On LBSU's first possession of the game Tuesday, Ware had the ball on the top of the key, shaded to the right side of the floor. Anderson and Ennis were in the right corner, with T.J. Robinson low and Phelps on the opposite Wing. Robinson came up and set a screen for Ware moving left, and rolled to the basket. Withey hung out in the lane, covering Robinson, leaving Phelps wide-open.

The play resulted in a turnover and an easy transition basket for Kansas, mainly because the Jayhawks hedged the screen hard. With Withey lingering around to stop Anderson's roll, Ware's only pass was to Phelps, who is a non-threat 17 feet from the basket. Rather than make that pass, Ware tried to split the double team -- really the only way to get a shot out of this play at this stage -- and was stripped, leading to the layup.

I actually don't know if Ratliffe has the range to make the shot that Phelps was spotting up for; if he does, a set like this might be more effective. If he doesn't, then Missouri should use Ratliffe as the screener and put a shooter on the wing. If they put English on the wing and use Ratliffe as the screener, with two other shooters on the other wing, then there's no off-ball defender to sag into the paint without giving up an open look to a good three-point shooter. LBSU doesn't have quite enough shooters to pull this off, but Mizzou does.

Third, Missouri needs to use its speed mismatch on Withey. Withey had nine blocked shots against Long Beach State, and the majority of them did not come when Withey was on help defense. Rather, they resulted from guys like T.J. Robinson thinking they could score over Withey, and getting their jumper blocked. Given that Missouri's players are a bit shorter than Long Beach's, it's less likely that they'll be this bold, but if they end up with Withey guarding one of the perimeter players, option one should be a drive past him, while option two should be a three-pointer if Withey sags off to stop penetration.

Finally, when a small team faces a talented bigger one, they've gotta do the little things to win.
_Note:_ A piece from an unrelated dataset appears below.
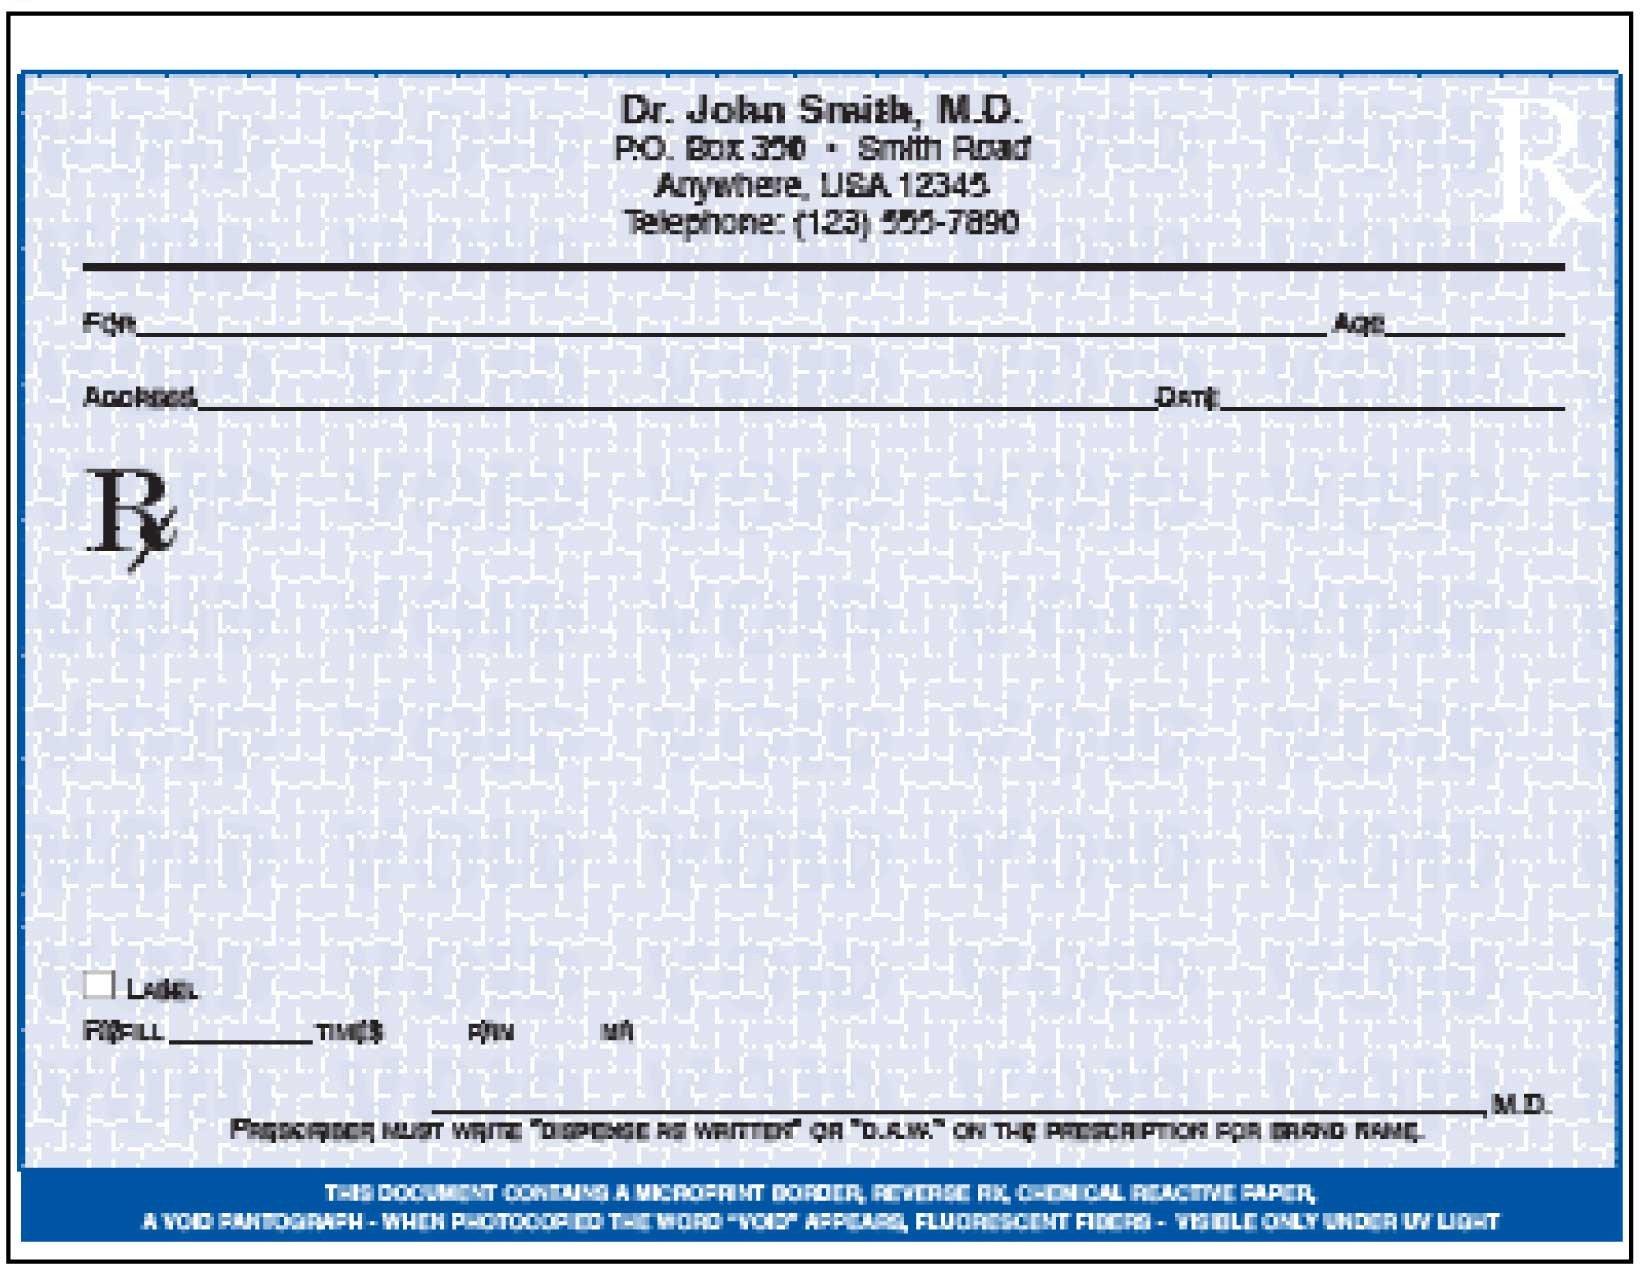 Picture Of Prescription Pad October 2014

Long Beach State committed 14 turnovers and missed nine free throws. They took some bad shots early in the shot clock and missed some open looks. Down five with under three minutes to go, they gave up an offensive rebound on a missed free throw, then gave up another offensive rebound on the ensuing possession. Taylor got a three-point play as a result. Ennis took a tough three on the other end that was partially blocked, and Withey got a three-point play on the next KU possession to push the lead to ten. The 49ers had opportunities to win this game despite their early struggles, but they didn't pay attention to the details and therefore lost the game.

So, there you have it: A long post previewing a game that is two months away (Kansas and Missouri first meet on February 4 in Columbia, with the return date in Lawrence coming February 25). A lot could change between now and then, but I'll be interested to see what Missouri learned from Long Beach, and what they'll do differently.